Although this is a product overview rather than an experimental paper, the brochure presents performance claims and illustrative examples that demonstrate practical gains:
  • Sensitivity: WBE provides significant MS/MS sensitivity boosts across a wide m/z range, with examples showing >10× signal increase for selected low‑abundance ions and ~4× gains in CIU profiles for protein systems such as streptavidin and mAbs.
  • Native MS performance: DFD improves spectral clarity by removing solvent/adducts and detergent micelles, enabling observation of intact protein charge states and isotopic features previously masked by adduction.
  • Conformational analysis: multipass cyclic IMS combined with mass selection and CIU/ECD/SID allows separation and interrogation of multiple structural states within a single protein assembly, improving confidence in structural assignments.
  • Imaging specificity: coupling MALDI/DESI with multipass IMS and WBE improves discrimination of isobaric/isomeric lipids and small molecules in tissue, demonstrated with lipid positional isomers (LPC sn1/sn2) and fingerprint imaging of clozapine and its metabolite.
  • Practical workflow benefits: automated multipass CCS calibration and built‑in methods support reproducibility out of the box while retaining flexibility for method development.

Benefits and practical applications


Primary benefits for analytical laboratories include:
  • Greater selectivity: mobility separation reduces spectral congestion and improves differentiation of isomers/isobars in metabolomics, lipidomics, environmental analyses and biotherapeutic characterization.
  • Improved sensitivity and throughput: WBE and optimized ion transmission increase detectability of low‑abundance species and accelerate acquisition of CIU and MS/MS experiments.
  • Enhanced native MS capability: extended upper mass handling (>100 kDa reported), quadrupole isolation to high m/z, combined with DFD and dedicated fragmentation methods for deeper interrogation of intact complexes.
  • Integrated imaging: MALDI XS and DESI XS workflows with IMS separation enable richer MSI datasets with clearer spatial context for molecular distributions.
  • Operational flexibility: modular hardware, intuitive software, and automated calibration reduce set‑up time and support a range of routine to advanced experiments.

Future trends and applications


The brochure points to several directions where cyclic ion mobility architectures and the P20 capabilities can be impactful:
  • Routine structural biology by native MS: adoption of high‑resolution mobility for routine conformer profiling and stability assays (CIU) in protein engineering, formulation and QA/QC.
  • High‑confidence omics annotation: integration of automated CCS libraries and multipass separation to improve identification rates in metabolomics and lipidomics, including resolving positional isomers.
  • Expanding spatial metabolomics: mobility‑enabled MSI to separate matrix and isobaric interferences, improving detection of drug residues, metabolites, and environmental contaminants (e.g., PFAS) in tissues and forensic samples.
  • Higher‑mass and complex assemblies: continued development of ion optics and detectors to push reliable analysis of ever‑larger noncovalent assemblies and aggregates.
  • Method standardization and databases: broader CCS database generation and standardization to improve cross‑platform reproducibility and computational identification workflows.

Conclusion


The Waters Cyclic IMS P20 Mass Spectrometer package combines scalable multipass ion mobility, sensitivity enhancements (WBE), declustering (DFD), and integrated fragmentation/imaging options to address complex analytical challenges.

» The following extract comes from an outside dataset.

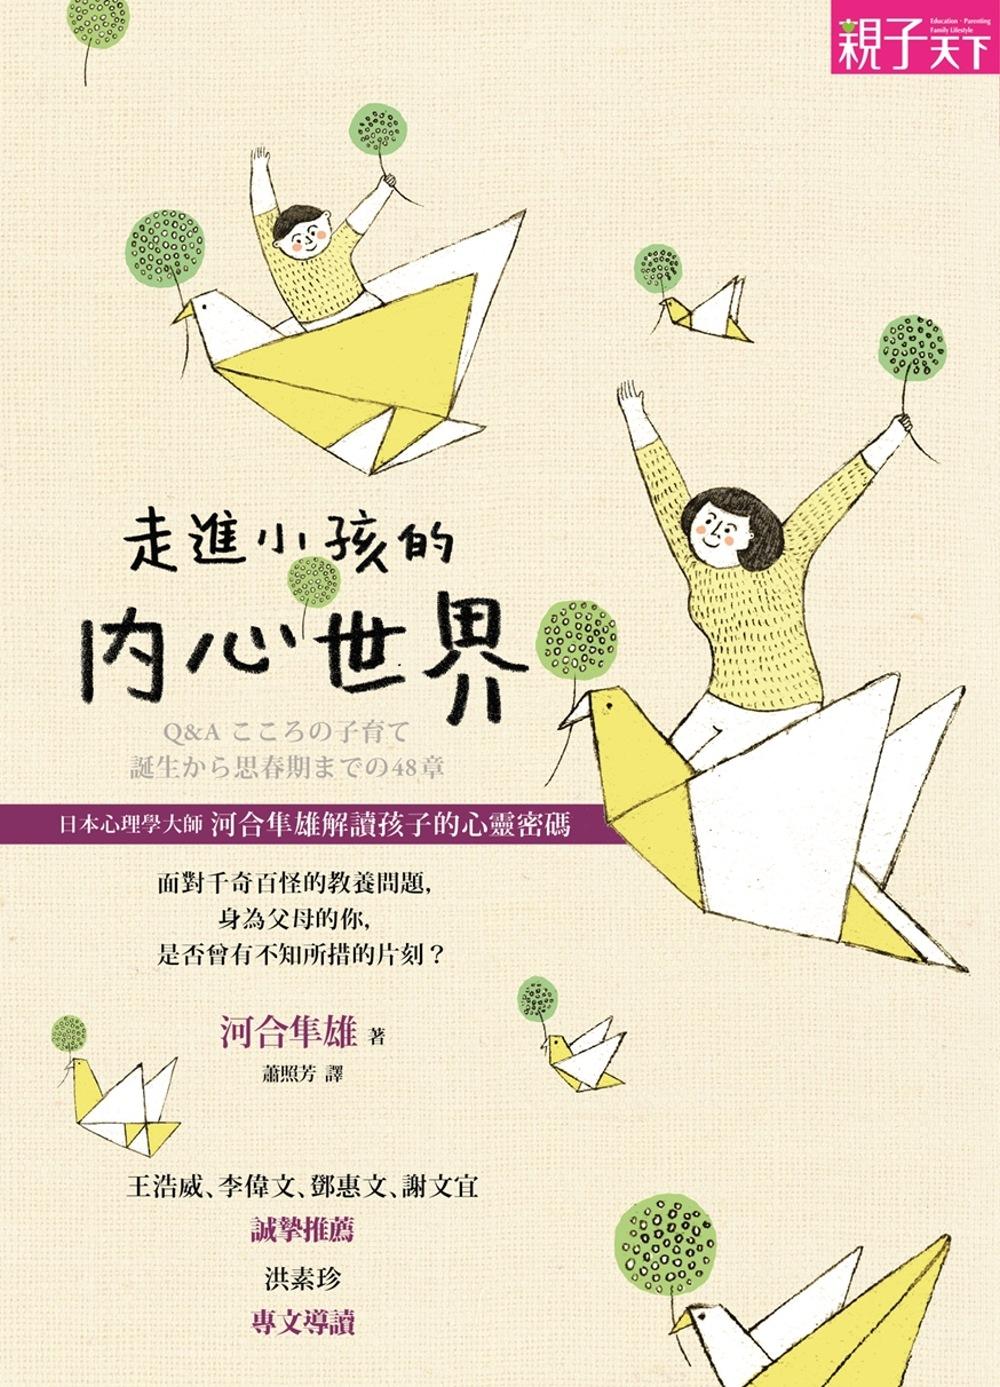 走進小孩的內心世界:日本心理學大師河合隼雄解讀孩子的心靈密碼

It is designed to improve separation of conformers, isomers and isobars, boost detection of low‑abundance analytes, and extend native and imaging MS workflows. For laboratories requiring both routine productivity and the capacity to perform deeper structural investigations, this platform offers a flexible and instrumented route to reveal molecular detail more directly.

References


  1. Waters Corporation. Cyclic IMS P20 Mass Spectrometer product brochure. Waters Corporation; 2026. Internal product literature and illustrative performance examples presented therein.